Correlation analysis showed that MFI of HLA DR on CD14+ monocyte was positively correlated with serum creatinine (Scr) level (r = 0.583, p = 0.003) and negatively correlated with estimate glomerular filtration rate (eGFR) level (r = -0.482, p = 0.017) (Figures 7A, B). MFI of HLA DR on CD14+ CD16− monocyte was positively correlated with Scr level (r = 0.461, p = 0.023) and negatively correlated with eGFR level (r = −0.429, p = 0.037) (Figures 7C, D). Correlation analysis showed that MFI of HLA DR on CD14+ and MFI of HLA DR on CD14+ CD16− monocyte had no correlation with blood urea nitrogen, urinary protein excretion, fasting blood glucose, and serum albumin in DN patients (Supplementary Figure 5). Correlation analysis showed that in the normal control group, the MFI of HLA DR on CD14+ and the MFI of HLA DR on CD14+ CD16− monocyte were not correlated with blood urea nitrogen, Scr, eGFR, fasting blood glucose, and serum albumin (Supplementary Figure 6).

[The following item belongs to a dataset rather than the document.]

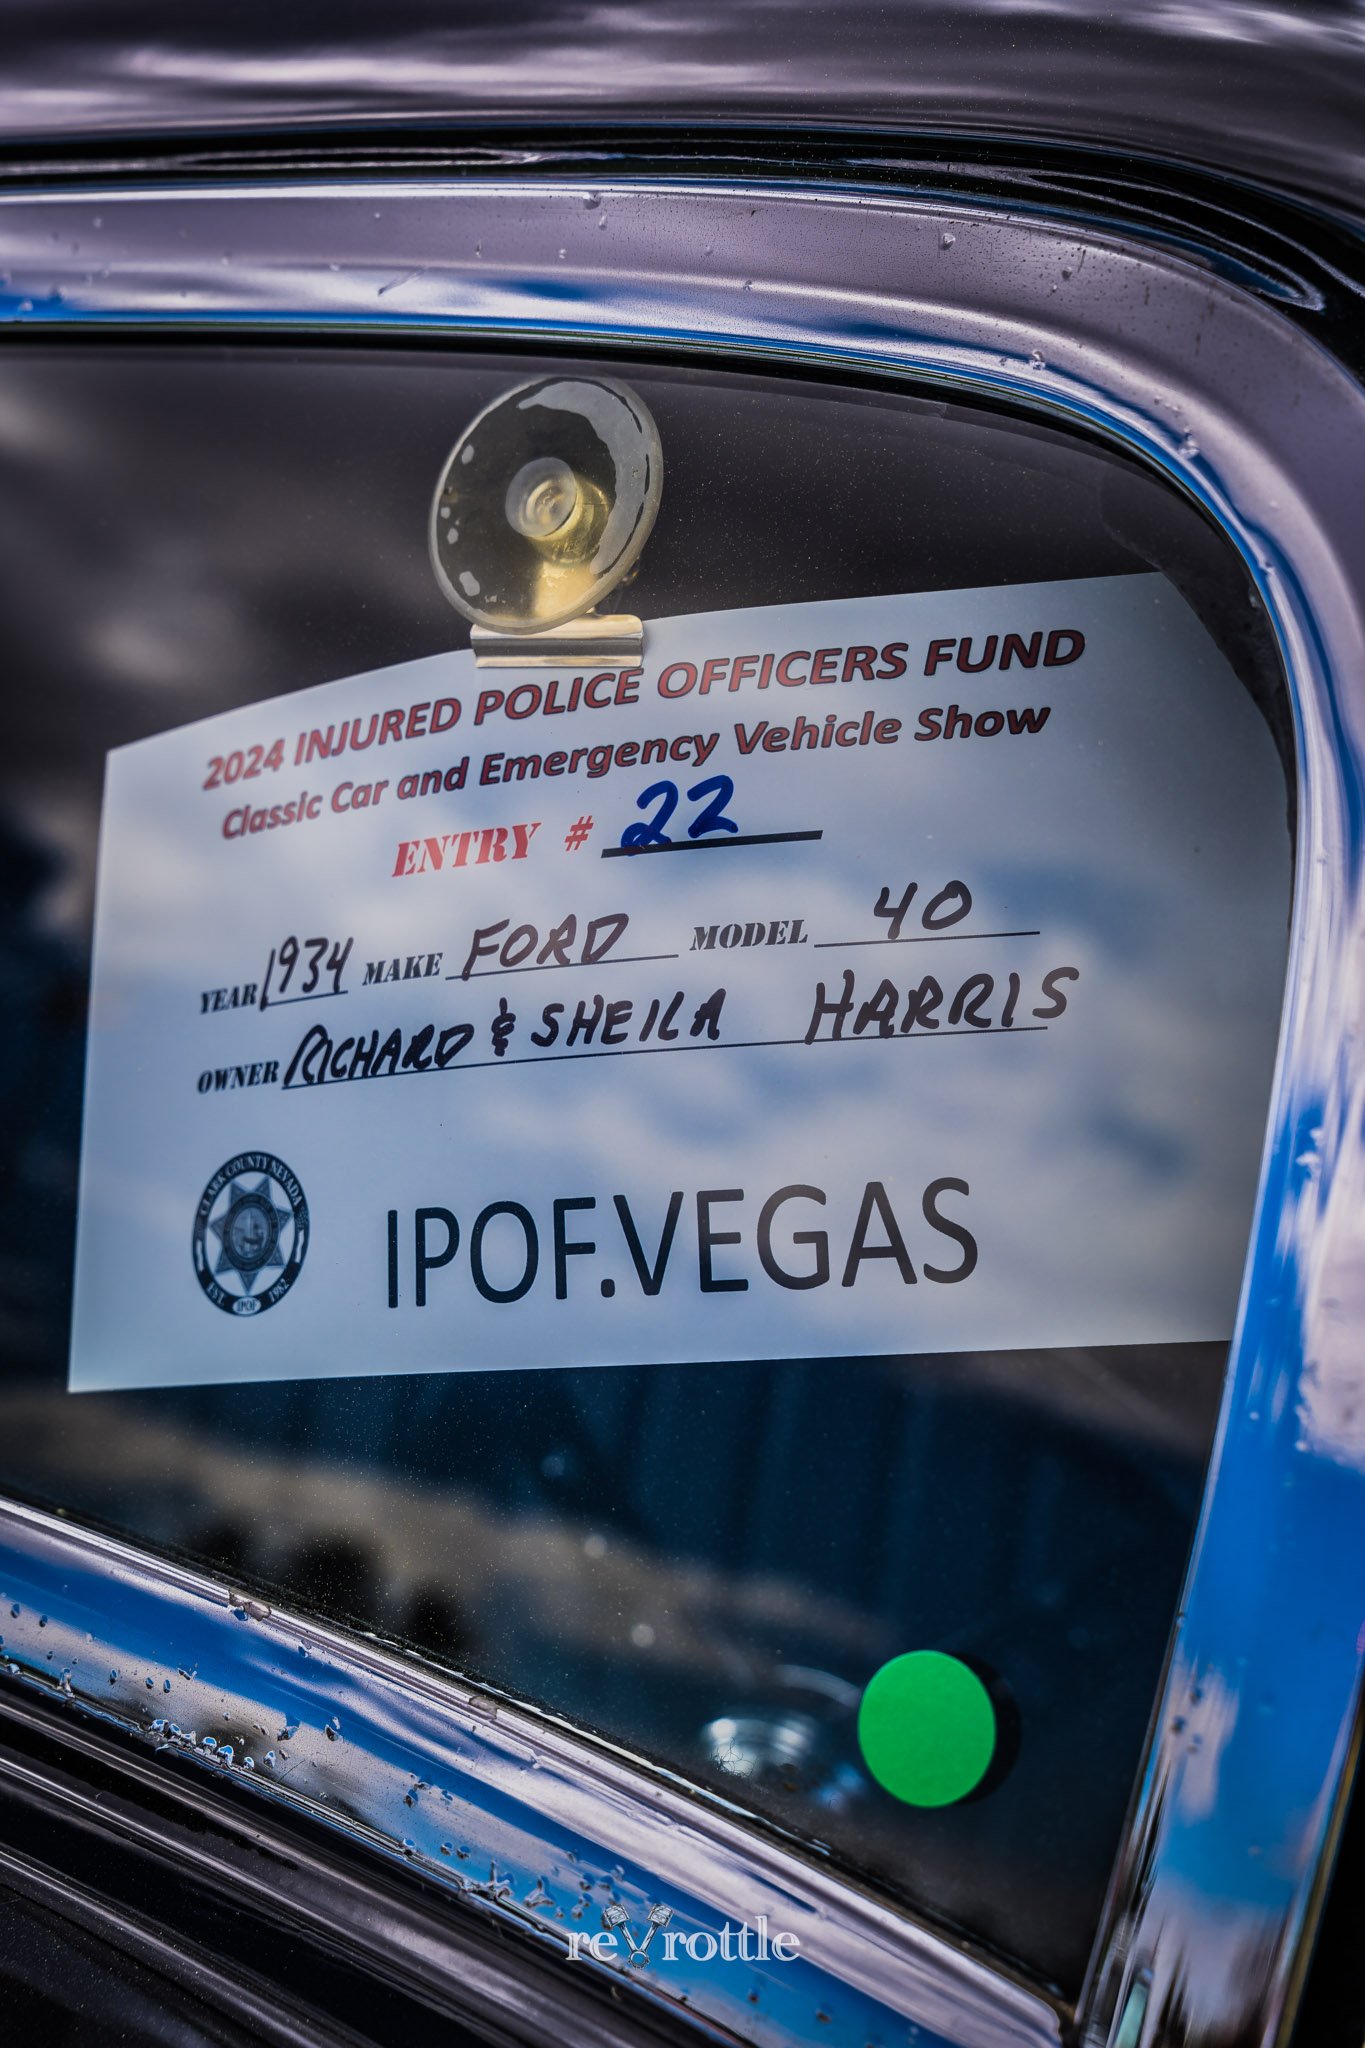 2024 Injured Police Officers Fund Classic Car Emergency Vehicle Show - March 23rd 2024-reVrottle-Vik-Chohan-Photography-Social-Media-545.jpg

We gated CD14+ monocyte and CD14+ CD16− monocyte according to the gating strategy in Figure 8A. The mean value of MFI of HLA DR on CD14+ monocyte in the normal control group was 27,266 ± 2,499, and that of MFI of HLA DR on CD14+ monocyte in the DN group was 30,482 ± 3159. As shown in Figure 8B, the MFI of HLA DR on CD14+ monocyte in the peripheral blood of DN patients was higher than that of the normal control group, and the difference was statistically significant (p <0.001). The mean value of the MFI of HLA DR on CD14+ CD16− monocyte in the normal control group was 13,541 ± 1,487, and that of MFI of HLA DR on CD14+ CD16− monocyte in the DN group was 14,629 ± 1,285. As shown in Figure 8C, the MFI of HLA DR on CD14+ CD16− monocyte in the peripheral blood of DN patients was higher than that of the normal control group, and the difference was statistically significant (p <0.05). The average CD14+ monocyte count in the normal control group was 4,841 ± 1,694, and that in the DN group was 5,025 ± 1,787. As shown in Figure 8D, there was no statistical difference between the two groups (p = 0.679). The average count of CD14+ CD16− monocyte in the normal control group was 4,686 ± 1656, and that in the DN group was 4,727 ± 1704. As shown in Figure 8E, there was no statistical difference between the two groups (p = 0.934). We further divided 24 DN patients into two groups, grade II and grades III-IV, based on the degree of glomerular pathological lesions in renal puncture tissues, with 12 patients in each group, to further explore the MFI of HLA DR on monocyte in different pathological grades of DN patients. The mean value of the MFI of HLA DR on CD14+ monocyte in the DN glomerular pathological grade II group was 30,183 ± 3,013, and that of the MFI of HLA DR on CD14+ monocyte in the DN glomerular pathological grade III-IV group was 30,782 ± 3,405. As shown in Supplementary Figure 7A, there was no statistical difference between the two groups (p = 0.653). The mean value of the MFI of HLA DR on CD14+ CD16− monocyte in the DN glomerular pathological grade II group was 14,635 ± 1,105, and that of the MFI of HLA DR on CD14+ CD16− monocyte in the DN glomerular pathological grade III-IV group was 14,623 ± 1,494. As shown in Supplementary Figure 7B, there was no statistical difference between the two groups (p = 0.983).